Certification does not guarantee a complete absence of weeds in the hay. Certification is only for species on the designated list and indicates that the inspector made a reasonable and prudent visual inspection of the field and did not find any of the 95 species on the designated weed list. A field may be certified if it contains weed species that are not on the designated weed list. Certification does not guarantee protein content, maturity or other quality factors of the hay.

For More Information on the Alberta Certified Weed Free Hay Program and designated weed list, please refer to the information below.

Alberta Certified Weed Free Hay Program

1. Introduction .
There is a growing demand within Alberta and across North America for hay that has been inspected and certified as weed free. The spread of weeds through hay has been well documented and the associated costs have increased demand for access to a weed free product. To meet this demand, rural municipalities and Alberta Agriculture and Rural Development have developed a voluntary weed free hay inspection and certification program.

For more information, please check out the program brochure.

2. Program Objectives

  • To provide a premium product that is recognized as marketable and transportable
  • To prevent the spread of weeds and undesirable plant species
  • To protect private and public lands from invasive plant species
  • To increase awareness of the environmental impact of non-native, invasive plant species
3. What is “Certified Weed Free Hay” under this program?
Fields which are found to be free of viable seed or other reproductive parts of plants identified in the Weed List (attached) may be certified. The standards for certification are consistent with the “North American Weed Free Forage Certification Program” standards. It is possible that non-reproductive, or vegetative, parts of a plant on the attached Weed List may be present in fields certified as weed free.
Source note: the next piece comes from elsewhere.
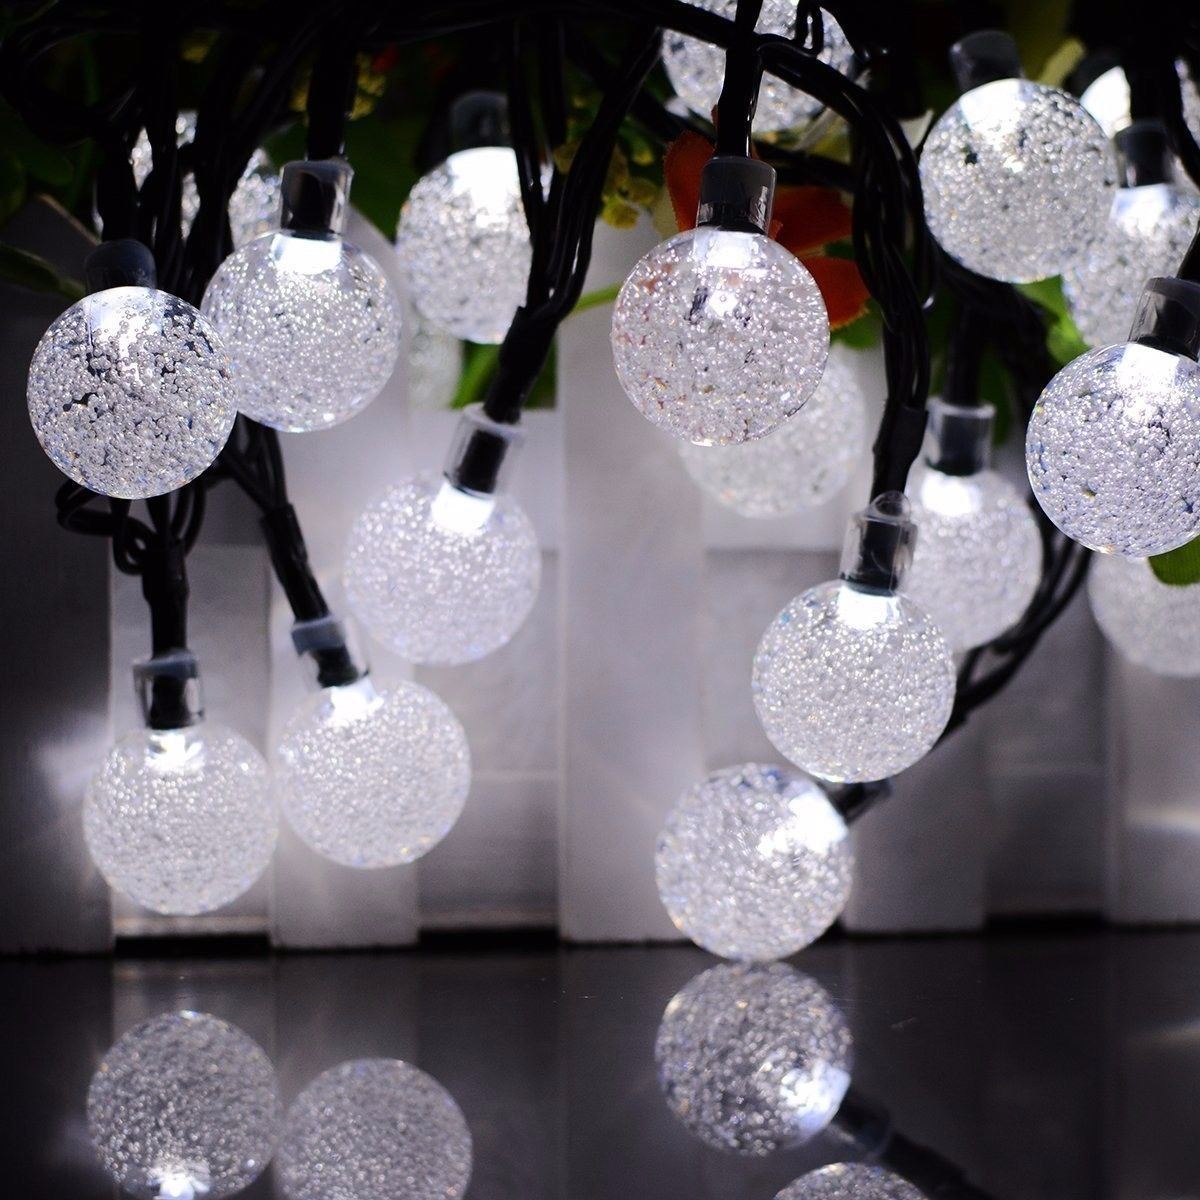 20ft 30 LED Solar String Ball Lights Outdoor Waterproof Garden Decor Cold White - image 1 of 3

4. Why purchase or produce Certified Weed Free Hay?
Weed free hay can:
  • Be a preferred product choice
  • Bring a premium when sold
  • Prevent weeds from spreading within the farm and between farms
  • Prevent invasive species from becoming established in riparian and other environmentally sensitive areas
5. How does the certification process work?
Fields must be inspected a maximum of 10 days prior to cutting. Inspections will be conducted on a field-by field basis. Certification is based on visual inspection by qualified personnel using a standard inspection procedure. A certificate of inspection is issued to the producer if the field meets the requirements. Further details on the field inspection process can be obtained from your local Agricultural Fieldman.

6. How do I get my field inspected/certified?
Contact your local municipality’s Agricultural Fieldman. They will inspect the field using the latest field inspection and certification form. If it passes inspection, they will issue a certificate and provide you with a source for specially marked twine.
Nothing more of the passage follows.